In a prospective, multi-center European trial, early LT for steroid non-responders afforded a marked survival benefit when compared with historical matched controls (6-month survival of 77% versus 23%, respectively; P <0.001) [96]. Importantly, these transplants accounted for only 2.9% of all transplants performed at participating centers over the same period, thus allaying concerns regarding reduced donor availability for other liver diseases. Since this report, a number of single-center studies have reported similar survival benefit [97, 98]. In particular, a recent US series of 147 LT recipients across 12 centers demonstrated a 3-year survival of 84%, and survival was 100% in patients who maintained sobriety after LT [99]. Outcome modeling using data from the two seminal trials showed that early transplantation improves survival when compared with the 6-month probation—regardless of estimated post-transplant alcohol recidivism—and the highest survival advantage was among patients with a Lille score of 0.5 to 0.82 and a MELD score of at least 32 [100].

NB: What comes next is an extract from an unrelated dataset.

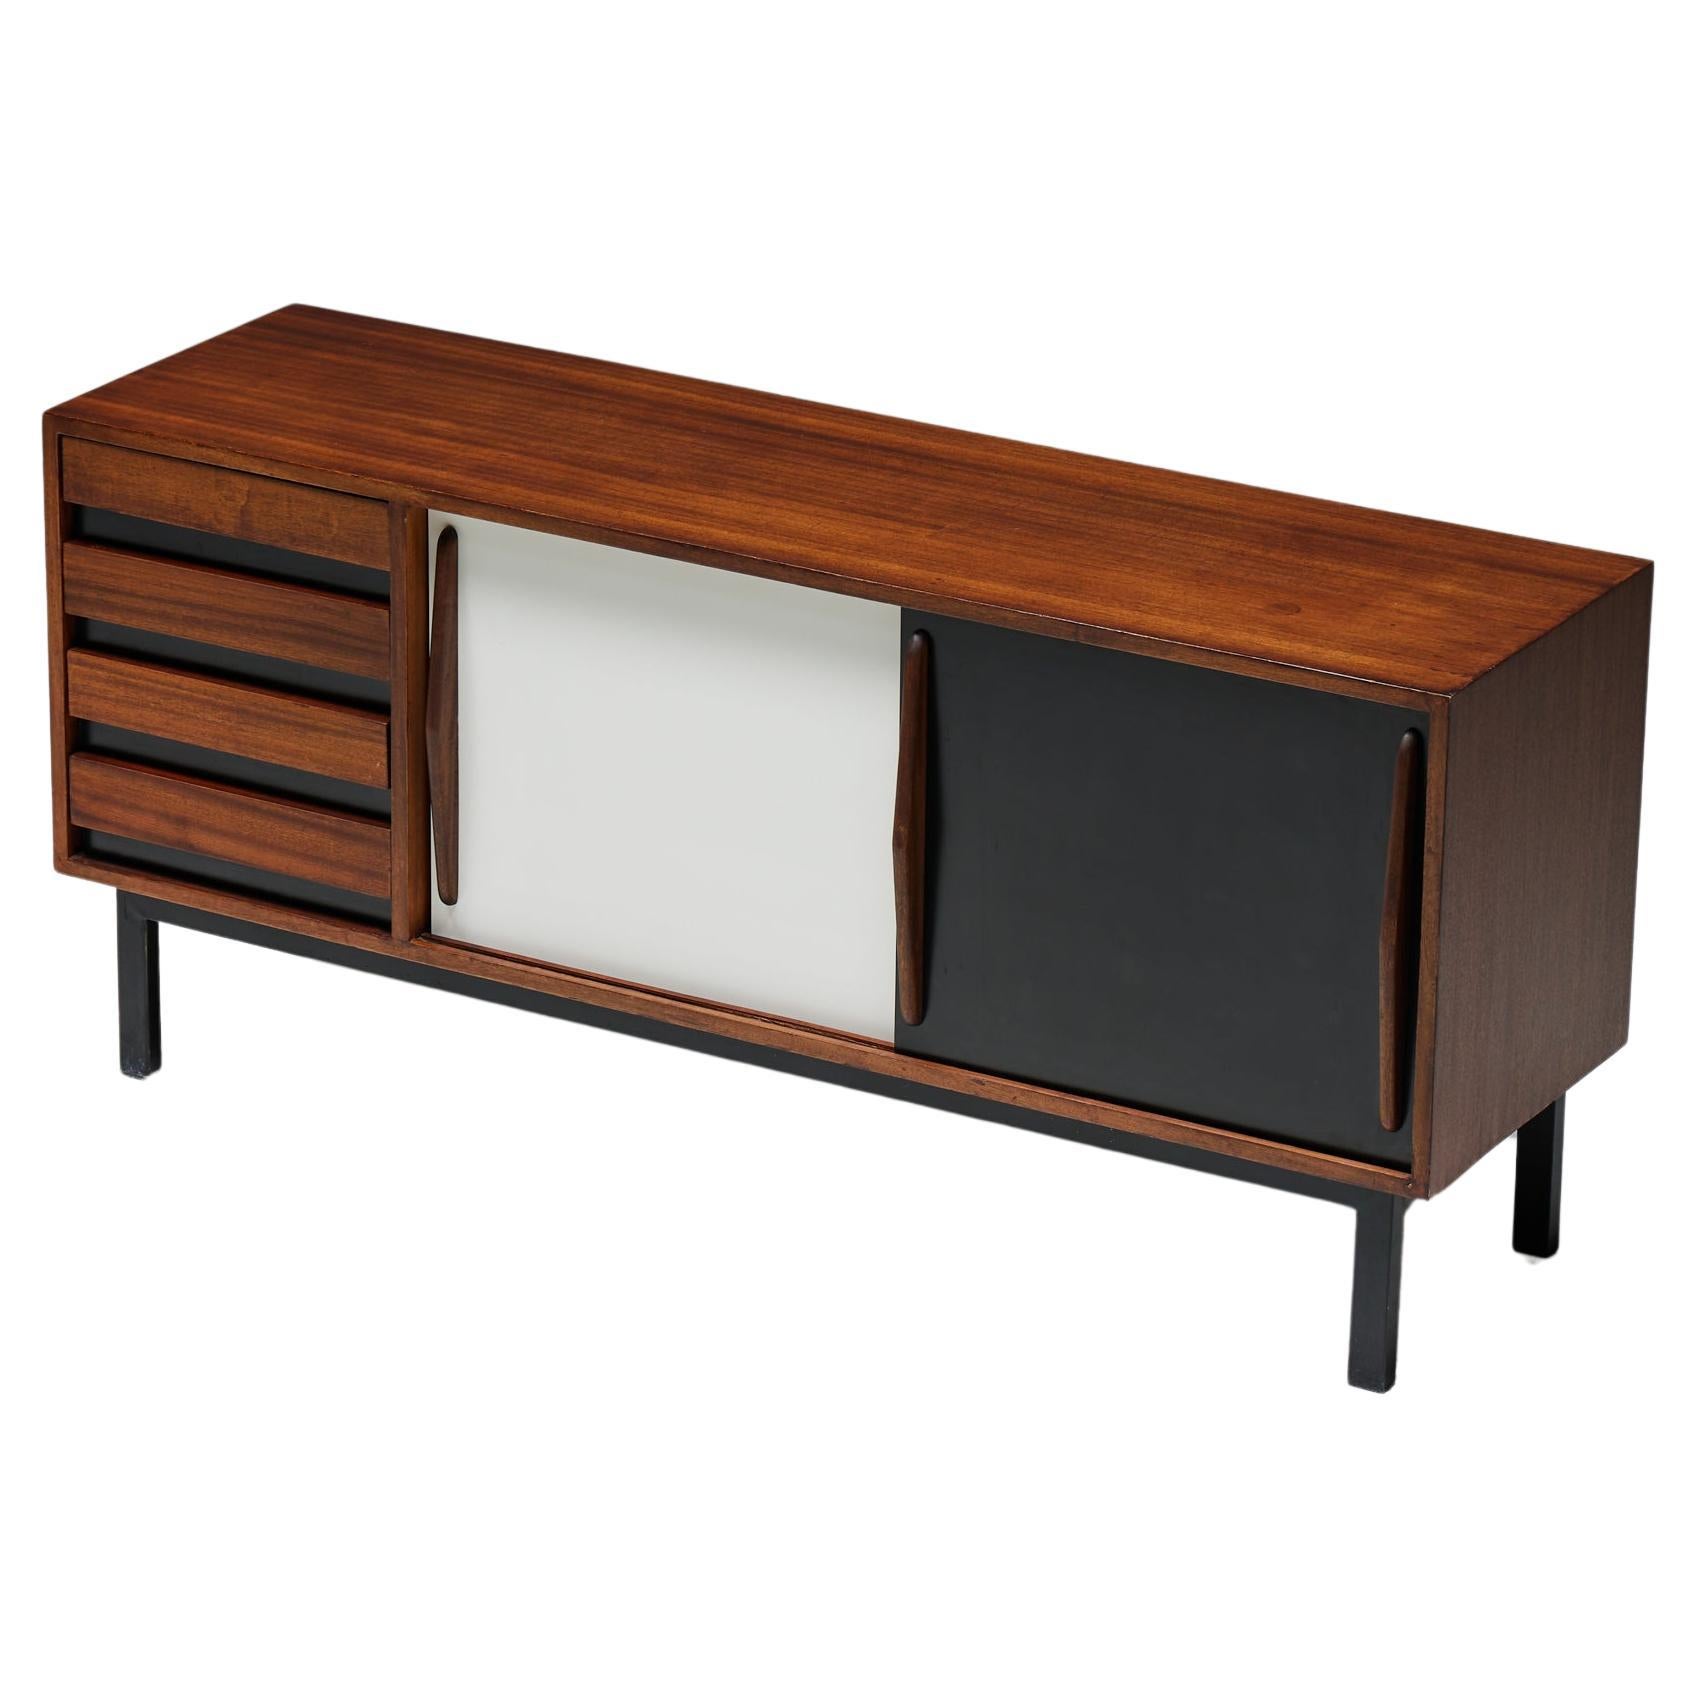 'Cansado' Sideboard by Charlotte Perriand for Steph Simon, France, 1950s

Reported psychosocial selection criteria across transplant centers are variable but appear to adhere to the following principles: (1) adequate psychosocial support, (2) a first episode of hepatic decompensation related to alcohol use, (3) absence of other substance use disorders, (4) absence of untreated psychiatric disease, and (5) acknowledgment of an AUD and willingness to participate in alcohol rehabilitation to maintain abstinence after LT. More recently, a model for alcohol relapse after LT identified prior alcohol-related legal issues and multiple failed alcohol rehabilitation attempts as additional risk factors [99, 101]. Future studies are needed to optimize uniform selection criteria to (1) maximize long-term abstinence in LT recipients with severe AH and (2) ensure equity and fairness in the care of patients with severe AH.

Conclusions

AH is a life-threatening form of acute-on-chronic liver failure in patients with chronic heavy alcohol use. Given temporal trends in alcohol consumption patterns worldwide, the incidence of AH, especially in young adults, is expected to rise in the next decade. Despite high rates of short-term mortality in severe AH, the treatment of AH and accompanying AUD has remained largely unchanged since the 1970s. A marked increase in the number of diagnostic and therapeutic trials in the last decade, however, reflects a growing interest in this devastating disease. LT is a life-saving therapeutic option for AH and is to be encouraged particularly in patients with a favorable profile and low risk for alcohol recidivism. Future studies should aim to improve post-transplant addiction support in order to maximize transplant benefits.